Today, "Taliban" is an umbrella term for those who collectively hate the "foreign invader" enough to turn even traditional enemies into friends. Since 2005, when NATO began ratcheting up military involvement, Taliban ranks have swelled many fold and their influence has spread to nearly every part of the country. The Taliban coalition now extends to almost all segments of the population, including the Pashtun's traditional rivals: Tajiks, Uzbeks, Hazara and others.
In describing the Arab Revolt against the Ottoman Empire, T.E. Lawrence wrote: "the idea of nationality was independence of clans and villages, and their ideal of national union was episodic combined resistance to the intruder.... They were fighting to get rid of empire, not to win it." Although far inferior in treasure and arms, the insurgents would beat the enemy with "a highly mobile striking force of the smallest size" that would squirrel to death the enemy's desire and ability to hold on to as much territory as possible: "his stupidity is our ally, for he would like to hold, or think he held as [many] provinces a possible." NATO's present "surge" strategy against a similar kind of enemy, initiated by the Obama administration's decision to send an additional 30,000 troops to assist in "pacifying" as many Afghan provinces as possible, also does not shine with intelligence or effectiveness. 2010 is the bloodiest year yet of fighting, with insurgent attacks up by two-thirds over last year.
In a report released in August 2009, the U.S. Senate Foreign Relations Committee warned that the Obama administration "has raised the stakes by transforming the Afghan war from a limited intervention into a more ambitious and potentially risky counterinsurgency." The incoming chief of the British Army, General Sir David Richards, cautioned that the proposed counterinsurgency and nation-building mission in Afghanistan (which now costs over a billion dollars per week) "could last up to 40 years."

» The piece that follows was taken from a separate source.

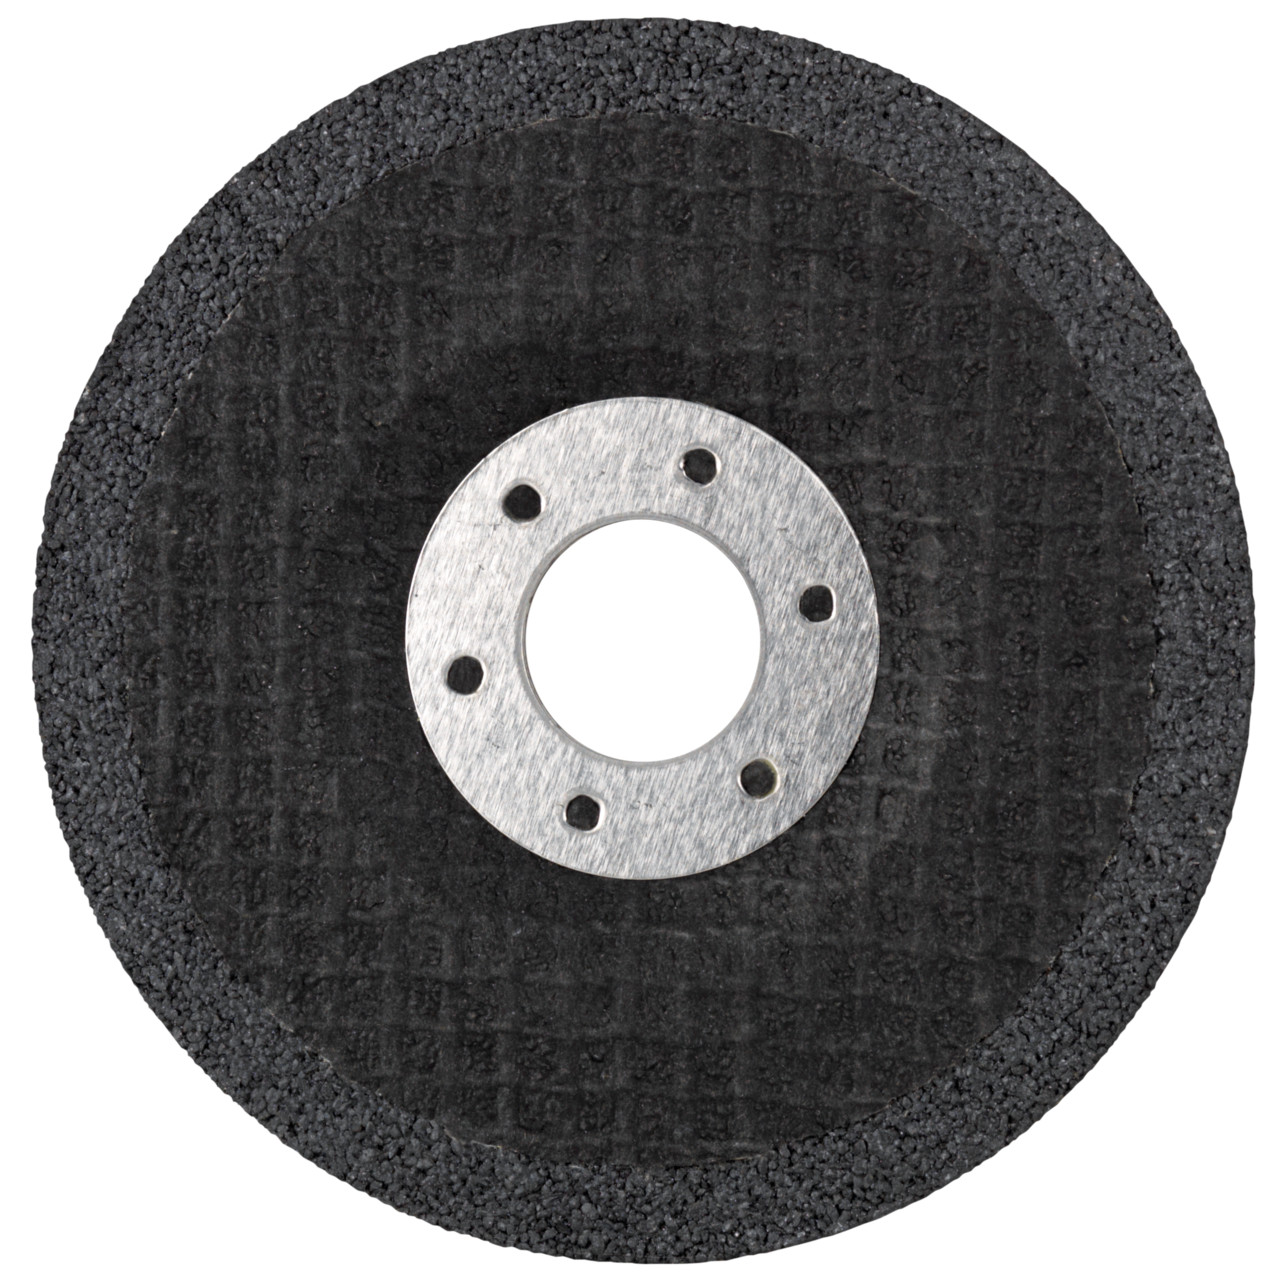 Tyrolit Cut-off wheel CUT AND GRIND DxUxH 115x2.5x22.23 2in1 for steel and stainless steel, shape: 27CC - offset version (CUT AND GRIND), Art. 743942

A century before, Lord Curzon, the former Viceroy of India who had established the North West Frontier Province as a buffer zone to keep the Afghan tribes at arm's length, rose in Parliament as a member of the opposition to warn the new British government against prolonged military engagement: "we are dealing with an enemy habituated to every form and habit of guerilla warfare, even if [military action] attended with maximum success, no permanent results can be obtained;" and if Britain further attempted to occupy their homeland the whole region would be "ablaze from one end to the other [causing] an intolerable burden on finances." In Afghanistan, the more things change, the more they remain the same.